This means all models were pretrained on approximately 5B tokens. While this is relatively modest (about 1/60 of the training tokens that Andrej used for his GPT-2 small experiments), it’s sufficient to observe the patterns I’m interested in.

For context, here’s how this compares to the training compute used for modern LLMs:

Model Parameters Training Tokens
GPT-2 Small (Mine) 124M 5B (val loss 3.15)
GPT-2 Small (Karpathy) 124M 300B (val loss 2.85)
LLaMA 1 7-65B 1-1.4T
LLaMA 2 7-70B 2T
LLaMA 3 8-405B 16T
Qwen 2.5 0.5-70B 18T

Results

1. MoE models can be scaled up by adding more experts while keeping model FLOPS constant

This is the core advantage of MoE that seems almost too good to be true. With the same model FLOPS, the inference cost stays constant (achieving this takes tremendous engineering effort in practice) but the model performance continues to improve as we add more experts.

When you think about it, this makes perfect sense. Due to the sparse architecture, MoE effectively decouples the number of model parameters from the model FLOPS. As we add more experts, the model parameter count increases while computational requirements remain stable. So it’s no surprise that model performance improves, aligning perfectly with established scaling laws.

Figure 2: Performance scaling of Switch Transformer models with increasing expert count

Figure 3: Performance scaling of GPT2-MoE models with increasing expert count

From Figure 2 (from the original Switch Transformers paper), you can see how scaling T5-base to 16, 32, 64, and 128 experts leads to corresponding performance gains. My experiments, shown in Figure 3, tell the same story – the loss curves get progressively lower as we add more experts to GPT2-small. While the metrics differ between the two plots (negative log perplexity vs. raw loss), the trend is identical: more experts yield better performance at the same computational cost.

2. MoE models achieve comparable performance to larger dense models with significantly lower FLOPS

Figure 4: Switch Transformer with the same FLOPS as T5-base matches the performance of T5-large (3.5x the FLOPS of T5-base)

Another compelling insight from the Switch Transformer paper is that a computationally-equivalent MoE model substantially outperforms its dense counterpart. As demonstrated in Figure 4 above, a model using T5-base architecture with 64 MoE experts not only surpasses T5-base itself but can match the performance of T5-large – which requires 3.5x the computational resources.

My experiments with GPT-2 show similar results.

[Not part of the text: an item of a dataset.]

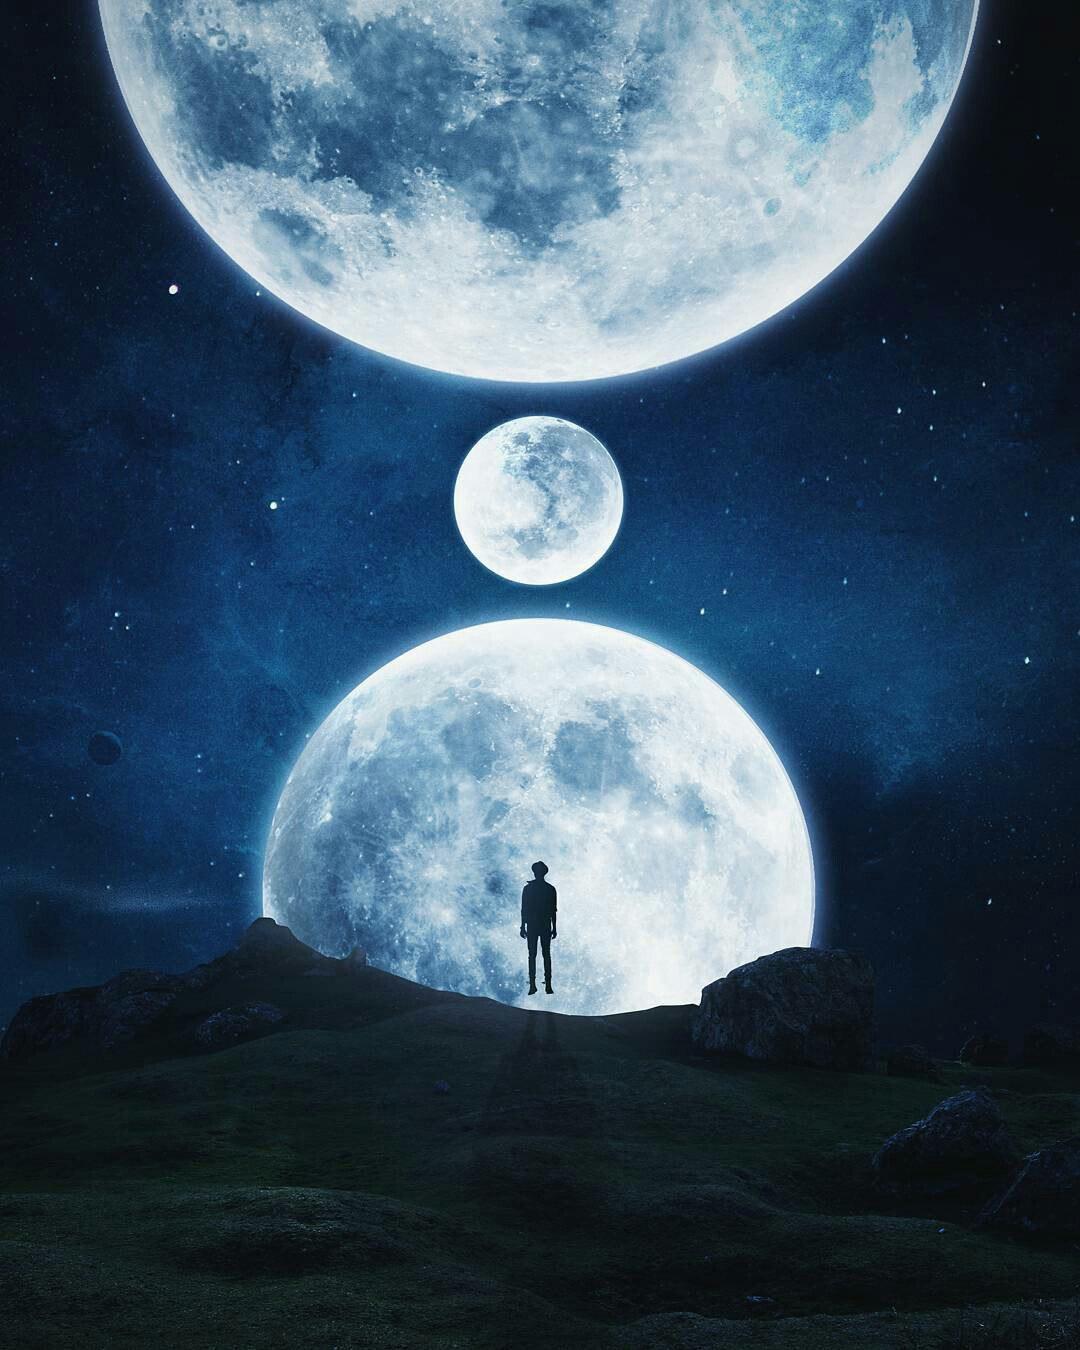 Звёздное небо и космос в картинках - Страница 39 YsfE8EN1VrE

In Figure 3, you can see that as we increase the number of experts, our MoE variants of GPT2-small approach the performance of GPT2-medium (which requires 3.5x the FLOPS of GPT2-small). While my largest experiment with 16 experts doesn’t quite reach GPT2-medium performance levels, the trend is clear. Extrapolating from these results, we can reasonably predict that scaling to 32 or 64 experts would likely match or exceed GPT2-medium’s performance – all while maintaining the computational efficiency of the smaller model.

3. MoE models require significantly more parameters than dense models for equivalent performance

A corollary to point #2 is that when comparing models with similar parameter counts (rather than FLOPS), MoE models actually underperform their dense counterparts by a substantial margin. As Figure 3 and the table below demonstrate, even though GPT-2 small with 8 and 16 experts has more parameters than GPT-2 medium, it still doesn’t match the dense model’s performance:

Model Parameters Val loss after 10k steps
GPT-2 Small 124M 3.151
GPT-2 Small 4e 293M 3.076
GPT-2 Small 8e 520M 3.036
GPT-2 Small 16e 973M 3.021
GPT-2 Medium 353M 2.955

This raises an interesting question: how many parameters would an MoE model need to match a dense model’s performance? Using the findings from the Switch Transformer paper (where T5-base with 64 experts matches T5-large’s performance), we can estimate that it would take GPT2-small with 64 experts to match GPT2-medium’s performance. That would translate to approximately 3.6B parameters - an order of magnitude more than GPT2-medium’s 353M parameters.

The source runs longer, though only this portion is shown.